Like most radioisotopes found in the radium series, ^{206}Pb was initially named as a variation of radium, specifically radium G. It is the decay product of both ^{210}Po (historically called radium F) by alpha decay, and the much rarer ^{206}Tl (radium E^{II}) by beta decay.

Lead-206 has been proposed for use in fast breeder nuclear fission reactor coolant over the use of natural lead mixture (which also includes other stable lead isotopes) as a mechanism to improve neutron economy and greatly suppress unwanted production of highly radioactive byproducts.

== Lead-204, -207, and -208==
^{204}Pb is entirely primordial, and is thus useful for estimating the fraction of the other lead isotopes in a given sample that are also primordial, since the relative fractions of the various primordial lead isotopes is constant everywhere. Any excess lead-206, -207, and -208 is thus assumed to be radiogenic in origin, allowing various uranium and thorium dating schemes to be used to estimate the age of rocks (time since their formation) based on the relative abundance of lead-204 to other isotopes.

^{207}Pb is the end of the actinium series from ^{235}U.

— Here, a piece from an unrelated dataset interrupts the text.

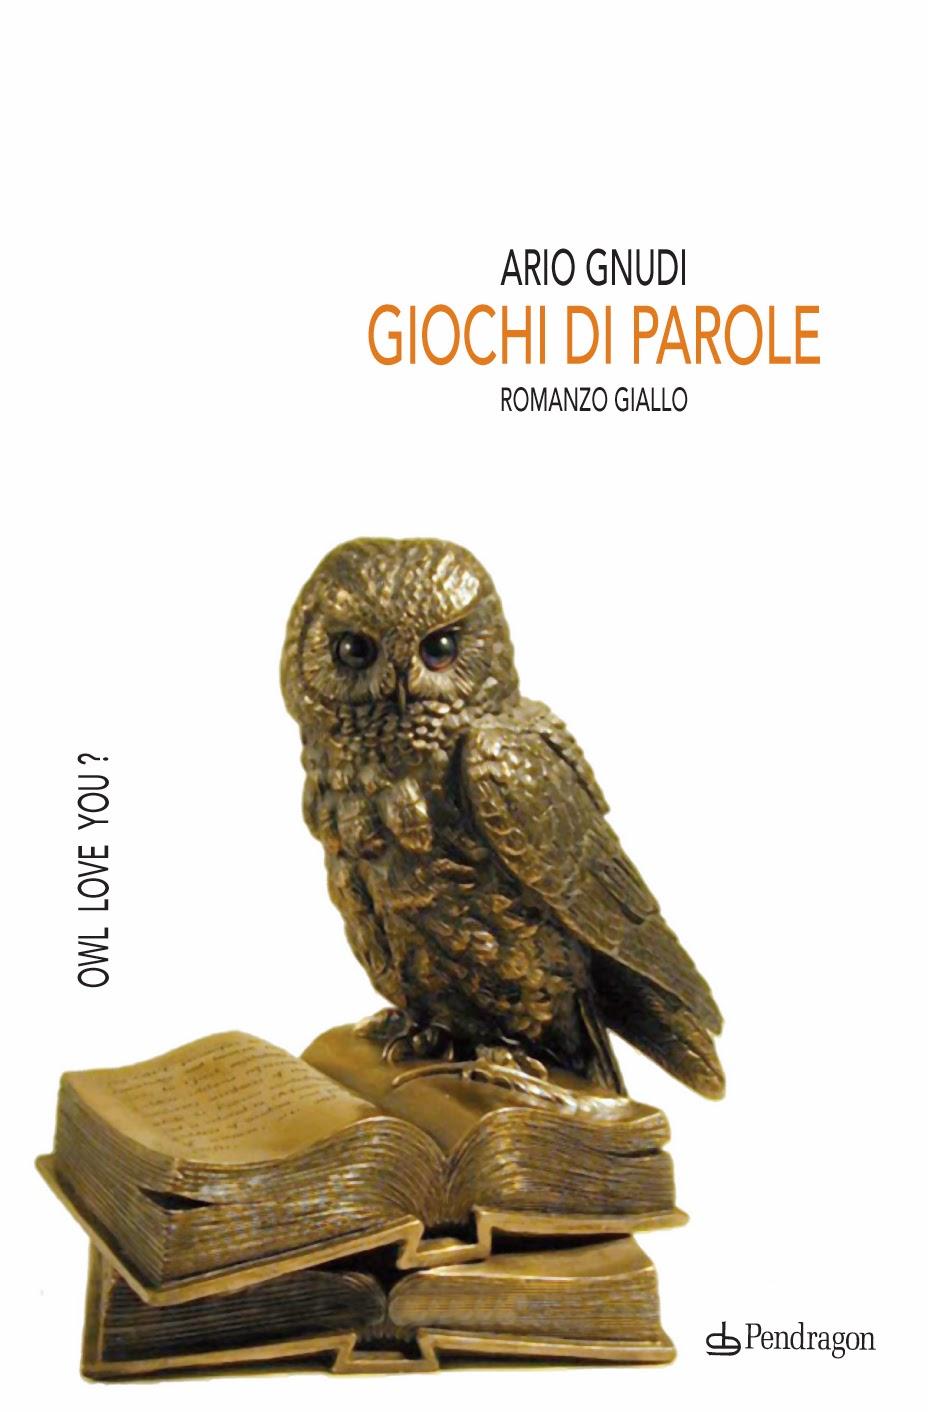 Giochi di parole - Ario Gnudi

^{208}Pb is the end of the thorium series from ^{232}Th. While it only makes up approximately half of the composition of lead in most places on Earth, it can be found naturally enriched up to around 90% in thorium ores. ^{208}Pb is the heaviest known stable nuclide and also the heaviest known doubly magic nucleus, as Z = 82 and N = 126 correspond to closed nuclear shells. As a consequence of this particularly stable configuration, its neutron capture cross section is very low (even lower than that of deuterium in the thermal spectrum), making it of interest for lead-cooled fast reactors.

In 2025 a published study suggested that the nucleus of ^{208}Pb is not perfectly spherical as previously believed, but rather is a "prolate spheroid", more commonly described as the shape of a rugby ball.

== Lead-210 ==
Lead-210 (^{210}Pb) is a radiogenic isotope of lead, found in the decay chain of uranium-238. It is a beta emitter with a half-life of 22.20 years. In addition to dating recent sediments, ^{210}Pb is widely applied for studying soil erosion and sedimentation dynamics in agricultural and natural environments. The unsupported or excess component (^{210}Pb_{ex}), derived from atmospheric fallout of radon-222 decay products, accumulates in surface soils and decays with a half-life of 22.3 years. Its depth-dependent activity profile enables reconstruction of soil redistribution over the past century.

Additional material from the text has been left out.